I have a Pandas dataframe in the following format. Data has been pre-aggregated.
+---------------------------+----------+---------+-------------+-------------+
|InterfaceName |StartDate |StartHour|DocumentCount|TotalRowCount|
+---------------------------+----------+---------+-------------+-------------+
|Interface_A |2023-04-01|0 |5 |4384 |
|Interface_A |2023-04-01|1 |58 |57168 |
|Interface_B |2023-04-01|1 |1 |136 |
|Interface_C |2023-04-01|1 |1 |131 |
|Interface_A |2023-04-02|0 |58 |57168 |
|Interface_B |2023-04-02|0 |1 |131 |
|Interface_C |2023-04-02|0 |1 |136 |
|Interface_A |2023-04-02|1 |2 |1657 |
|Interface_B |2023-04-02|1 |2 |1539 |
|Interface_C |2023-04-02|1 |2 |1657 |
+---------------------------+----------+---------+-------------+-------------+
Using PySpark, how can I transform the dataframe so that the schema appears as follows, then write to a structured collection in MongoDb?
root
|-- StartDate: date (nullable = true)
|-- StartHour: integer (nullable = true)
| |-- InterfaceSummary: struct (nullable = false)
| | |-- InterfaceName: string (nullable = true)
| | |-- DocumentCount: string (nullable = true)

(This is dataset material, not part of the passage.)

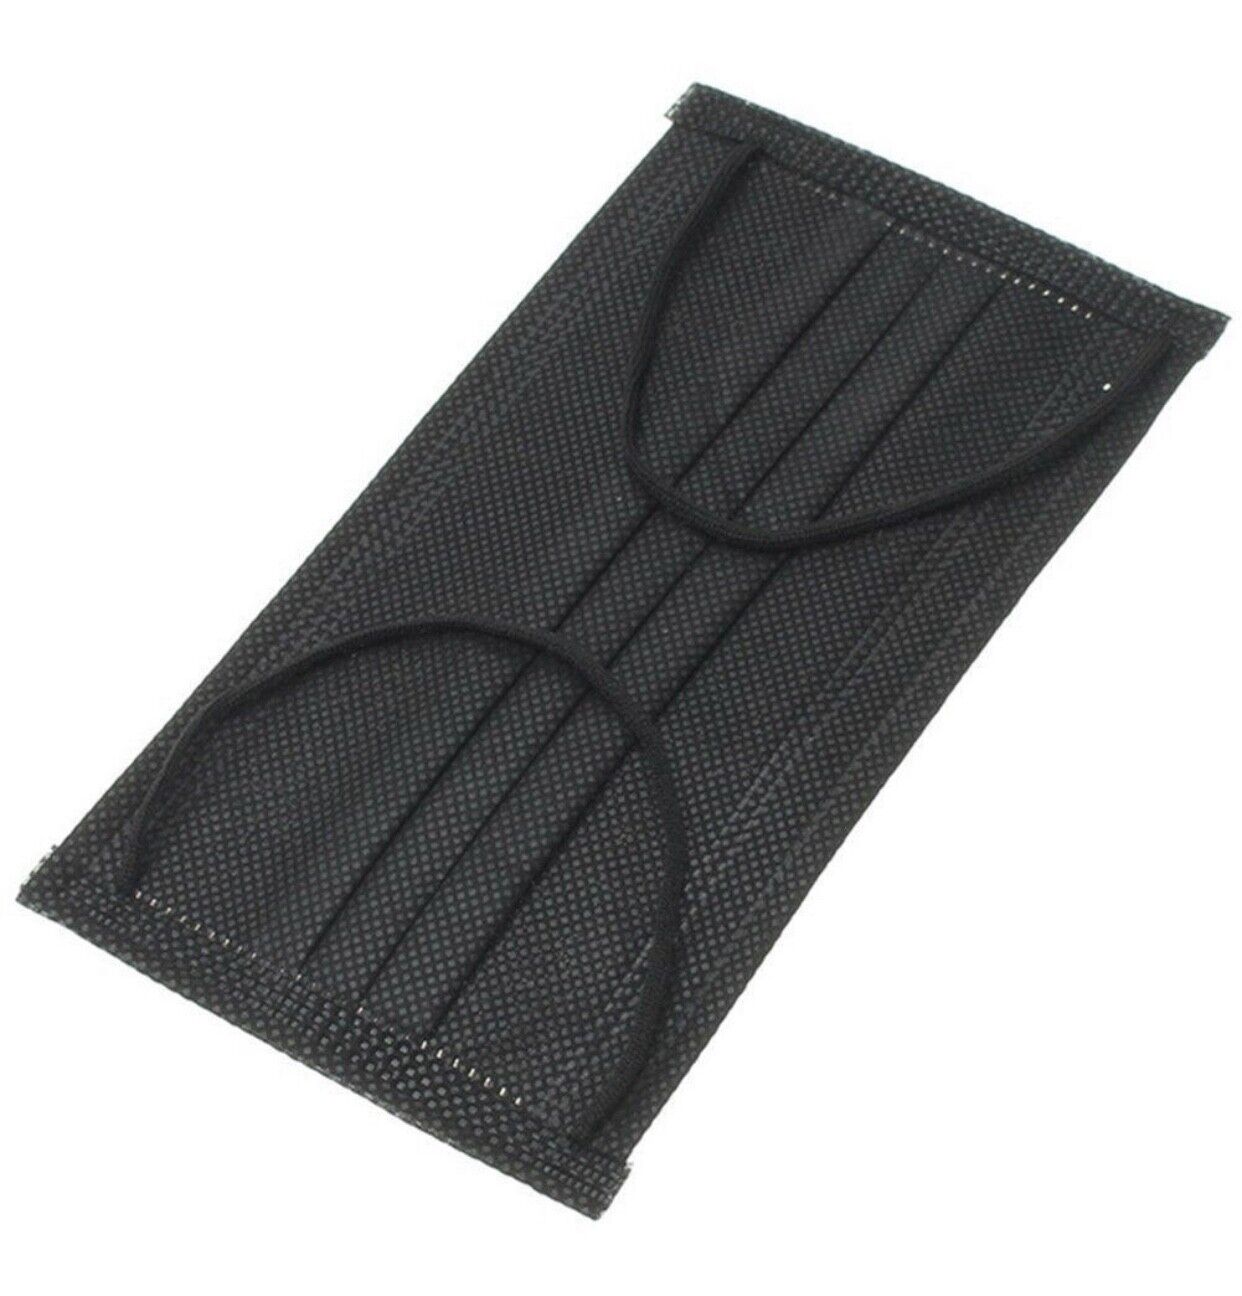 50 PCS Black 3-Ply Disposable Face Mask Non Medical Surgical Earloop Mouth Cover Unbranded/Generic Not Applicable - фотография #3

| | |-- TotalRowCount: string (nullable = true)
Thanks in advance,
Ben.
See the below implementation -
(I have created the spark dataframe directly using the input data you've shared). But in order to explicitly create the spark dataframe from pandas
dataframe you could use this code -
df = spark.createDataFrame(pdf)
Here pdf
will be your pandas
dataframe.
)
Input Data -
from pyspark.sql.types import *
schema = StructType([
StructField("InterfaceName", StringType(), True),
StructField("StartDate", StringType(), True),
StructField("StartHour", IntegerType(), True),
StructField("DocumentCount", IntegerType(), True),
StructField("TotalRowCount", IntegerType(), True)
])
data = [
("Interface_A", "2023-04-01", 0, 5, 4384),
("Interface_A", "2023-04-01", 1, 58, 57168),
("Interface_B", "2023-04-01", 1, 1, 136),
("Interface_C", "2023-04-01", 1, 1, 131),
("Interface_A", "2023-04-02", 0, 58, 57168),
("Interface_B", "2023-04-02", 0, 1, 131),
("Interface_C", "2023-04-02", 0, 1, 136),
("Interface_A", "2023-04-02", 1, 2, 1657),
("Interface_B", "2023-04-02", 1, 2, 1539),
("Interface_C", "2023-04-02", 1, 2, 1657)
]
df = spark.createDataFrame(data, schema=schema)
df.show(truncate=False)
+-------------+----------+---------+-------------+-------------+
|InterfaceName|StartDate |StartHour|DocumentCount|TotalRowCount|
+-------------+----------+---------+-------------+-------------+
|Interface_A |2023-04-01|0 |5 |4384 |
|Interface_A |2023-04-01|1 |58 |57168 |
|Interface_B |2023-04-01|1 |1 |136 |
|Interface_C |2023-04-01|1 |1 |131 |
|Interface_A |2023-04-02|0 |58 |57168 |
|Interface_B |2023-04-02|0 |1 |131 |
|Interface_C |2023-04-02|0 |1 |136 |
|Interface_A |2023-04-02|1 |2 |1657 |
|Interface_B |2023-04-02|1 |2 |1539 |
|Interface_C |2023-04-02|1 |2 |1657 |
+-------------+----------+---------+-------------+-------------+
Transformed Schema -
from pyspark.sql.functions import *
df1 = df.select(
col("StartDate").cast("Date"),
col("StartHour").cast("Integer"),
struct(
col("InterfaceName"),
col("DocumentCount").cast("String").alias("DocumentCount"),
col("TotalRowCount").cast("String").alias("TotalRowCount")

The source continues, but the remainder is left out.